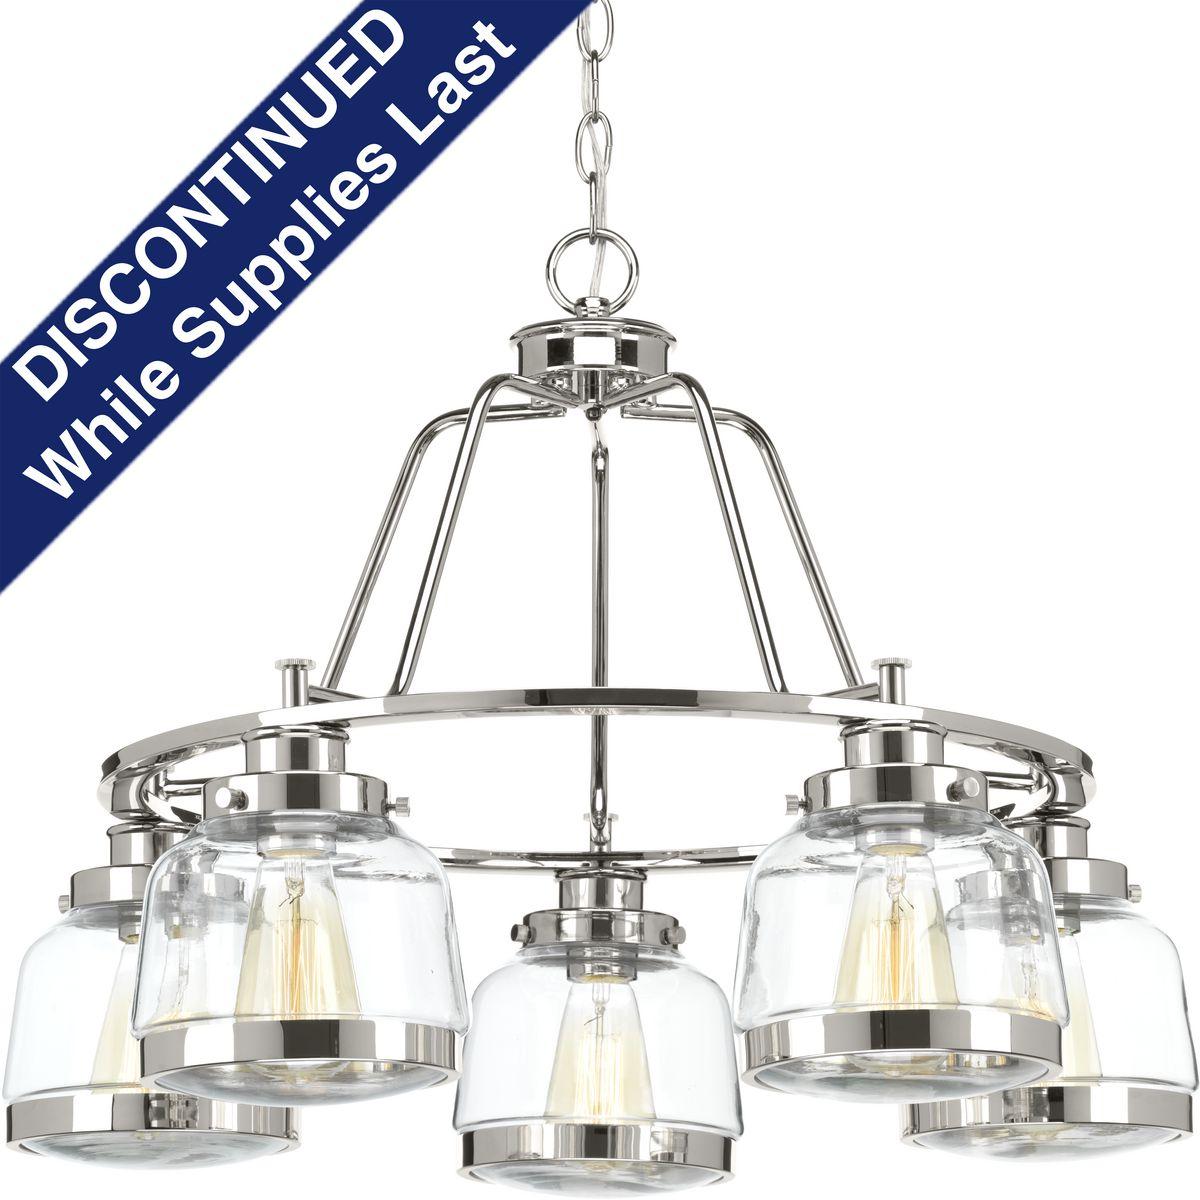 Hubbell P400058-104 The Judson collection features a timeless clear schoolhouse-style globe. Metal fittings add distinction to complete the vintage look. Judson provides the perfect compliment to farmhouse or coastal-inspired homes. Five-light chandelier in an Polished Nicke
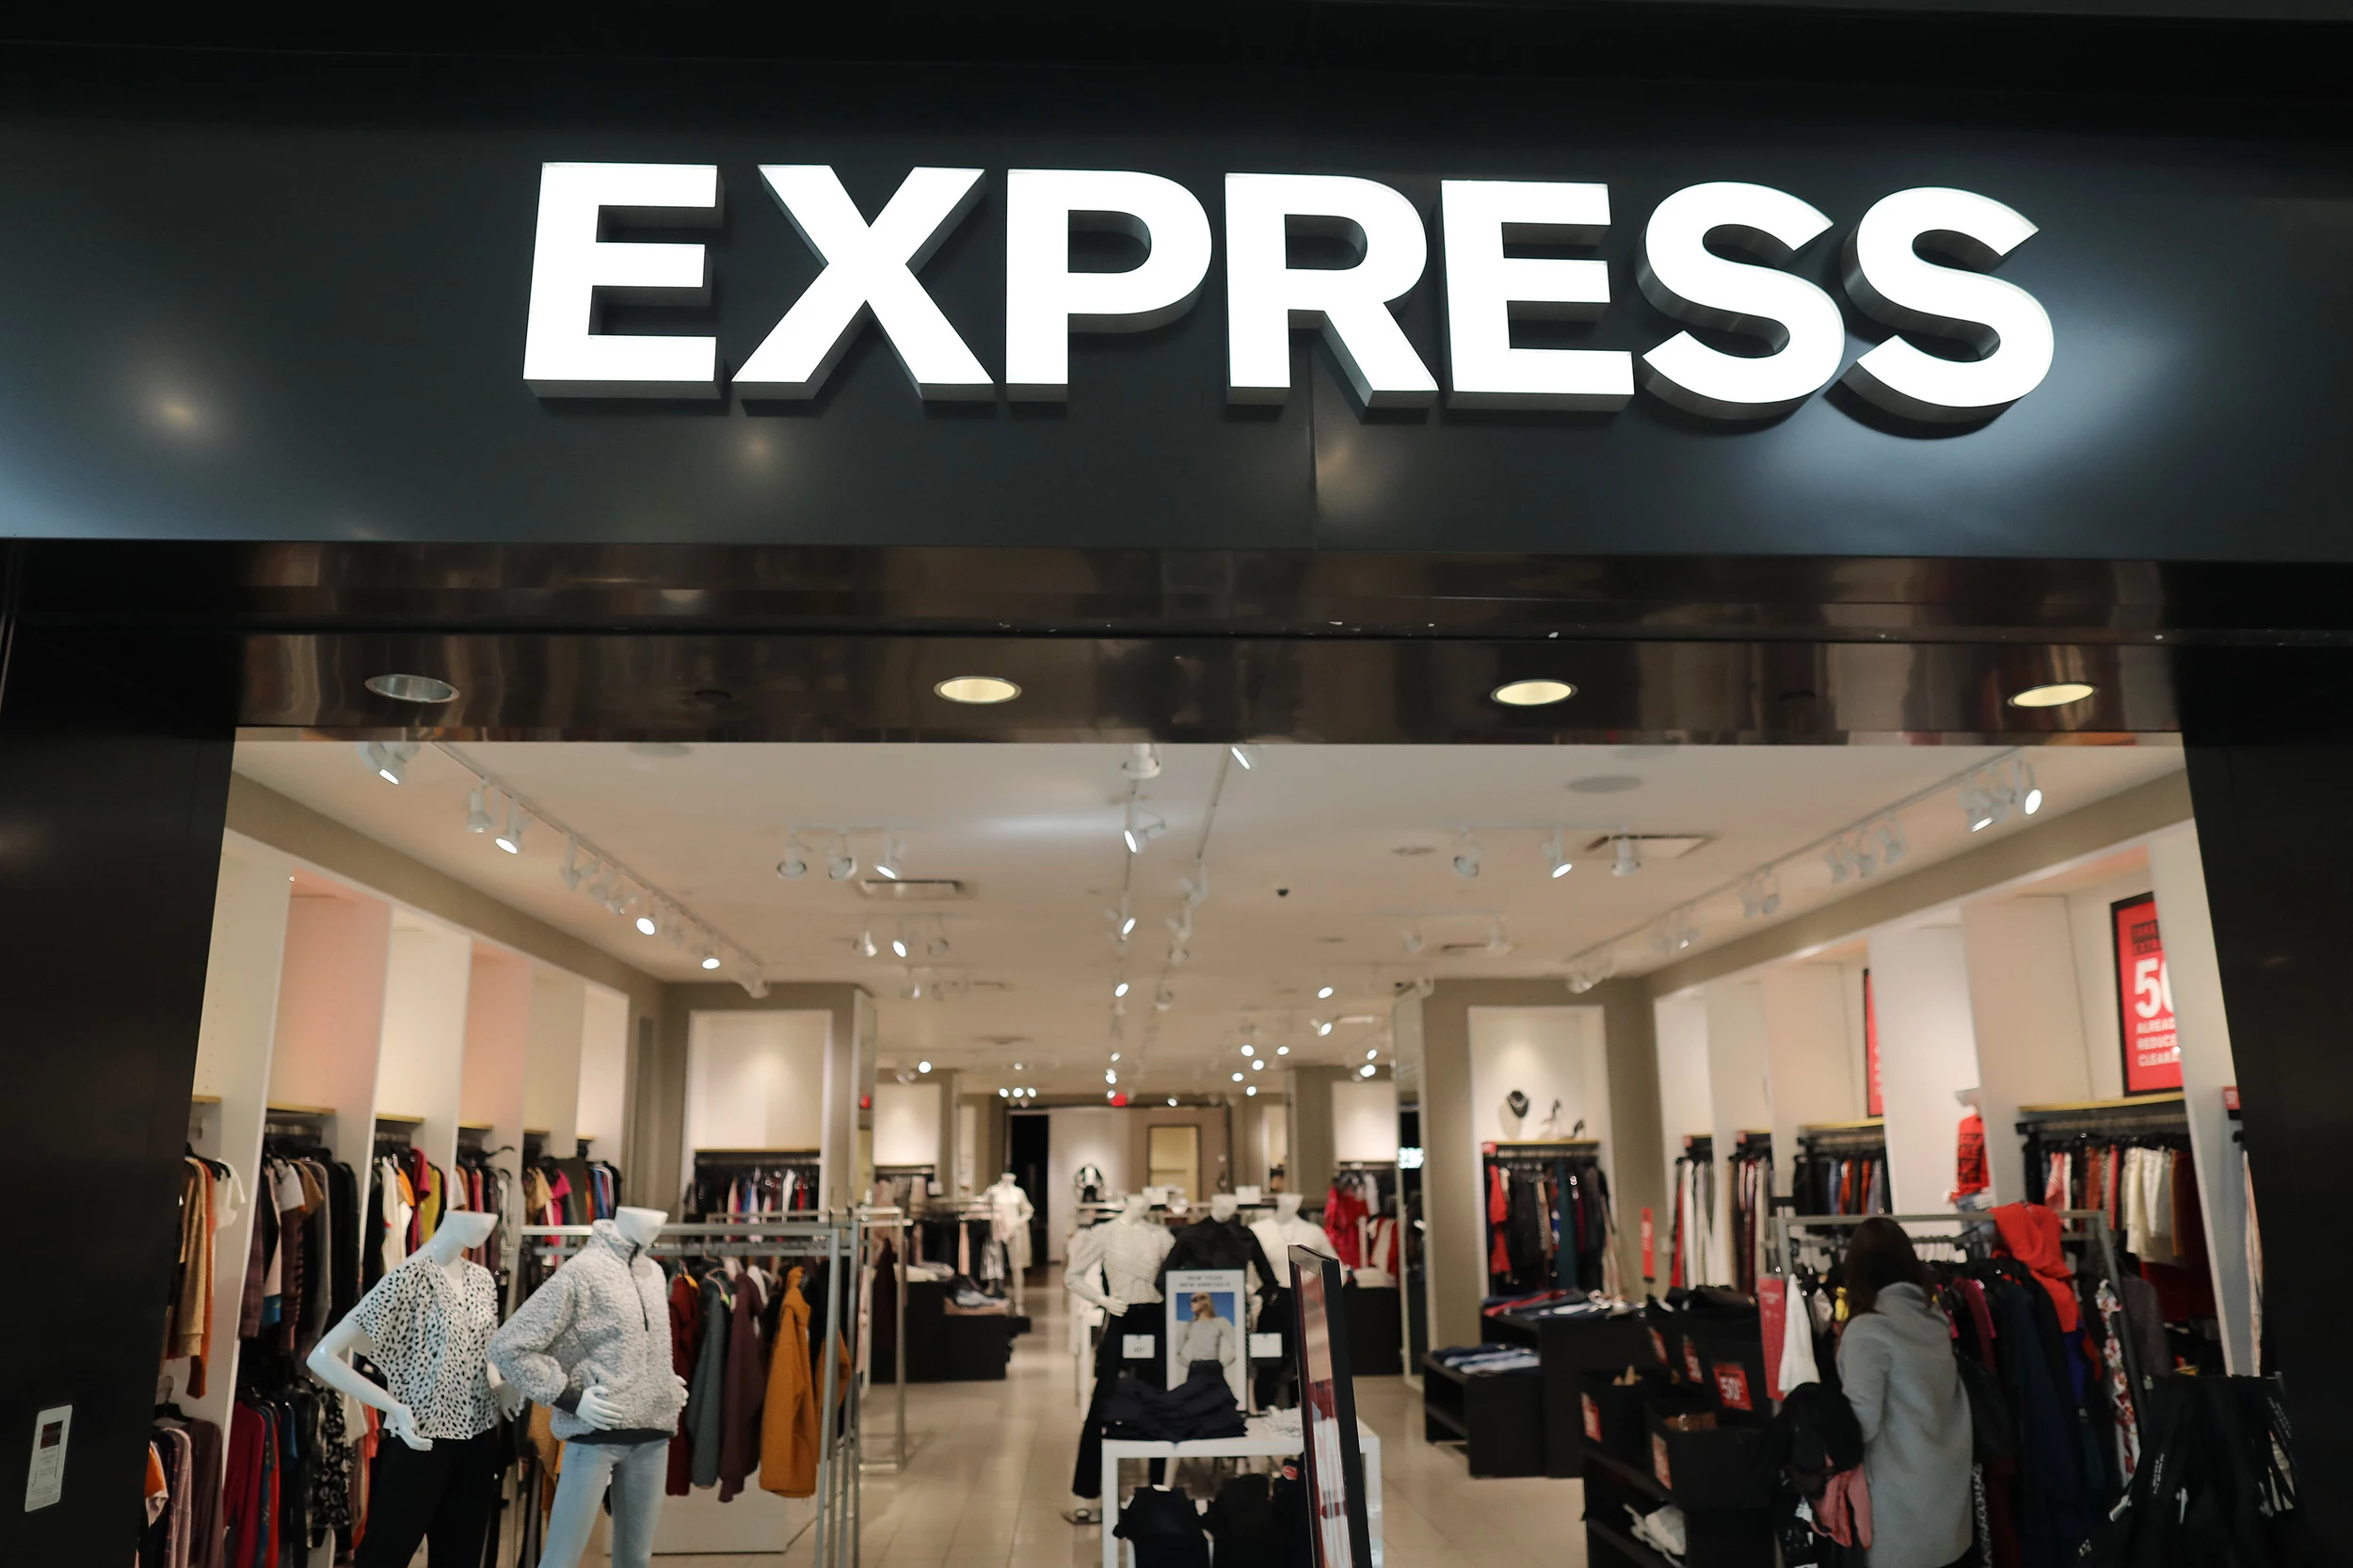 Express Clothing Chain To Close Approximately 100 Stores By 2022
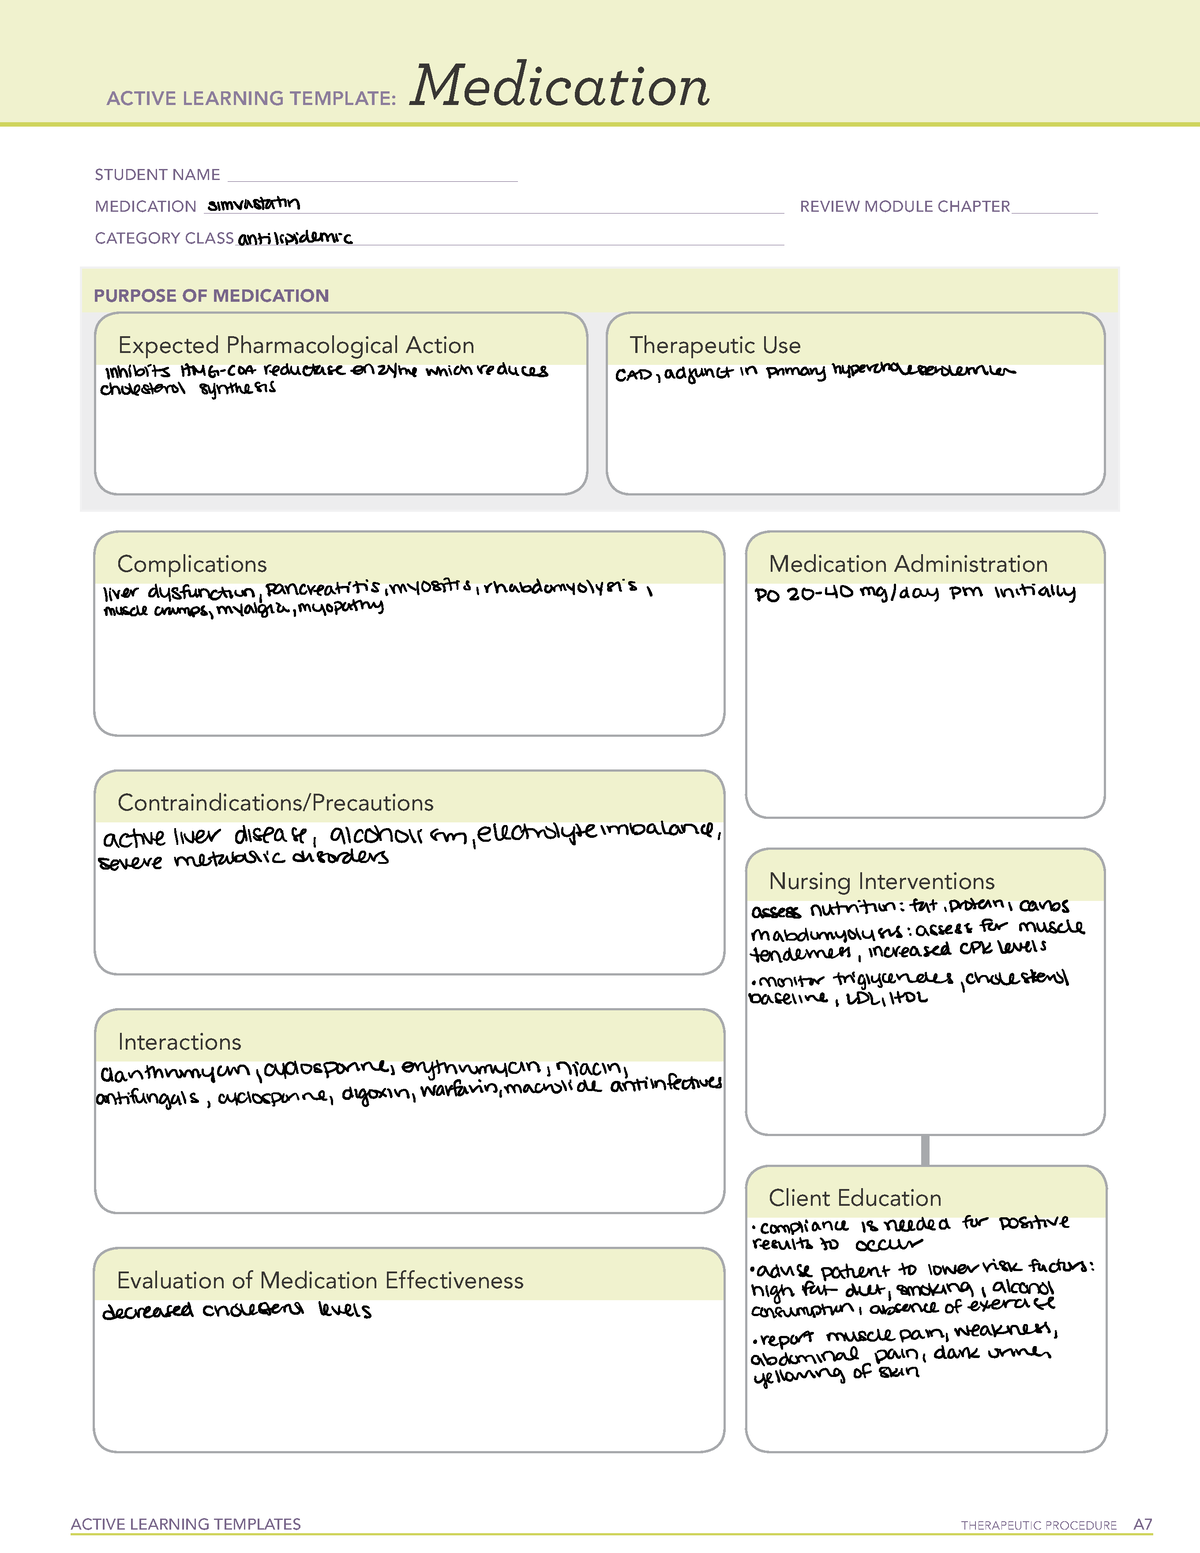 Med template simvastatin ACTIVE LEARNING TEMPLATES THERAPEUTIC

**WHAT THE TASK ASKS:**
Strip out the pictures and repeat the listing above exactly.

**SOLUTION TO THIS EXERCISE:**
 Hubbell P400058-104 The Judson collection features a timeless clear schoolhouse-style globe. Metal fittings add distinction to complete the vintage look. Judson provides the perfect compliment to farmhouse or coastal-inspired homes. Five-light chandelier in an Polished Nicke
 Express Clothing Chain To Close Approximately 100 Stores By 2022
 Med template simvastatin ACTIVE LEARNING TEMPLATES THERAPEUTIC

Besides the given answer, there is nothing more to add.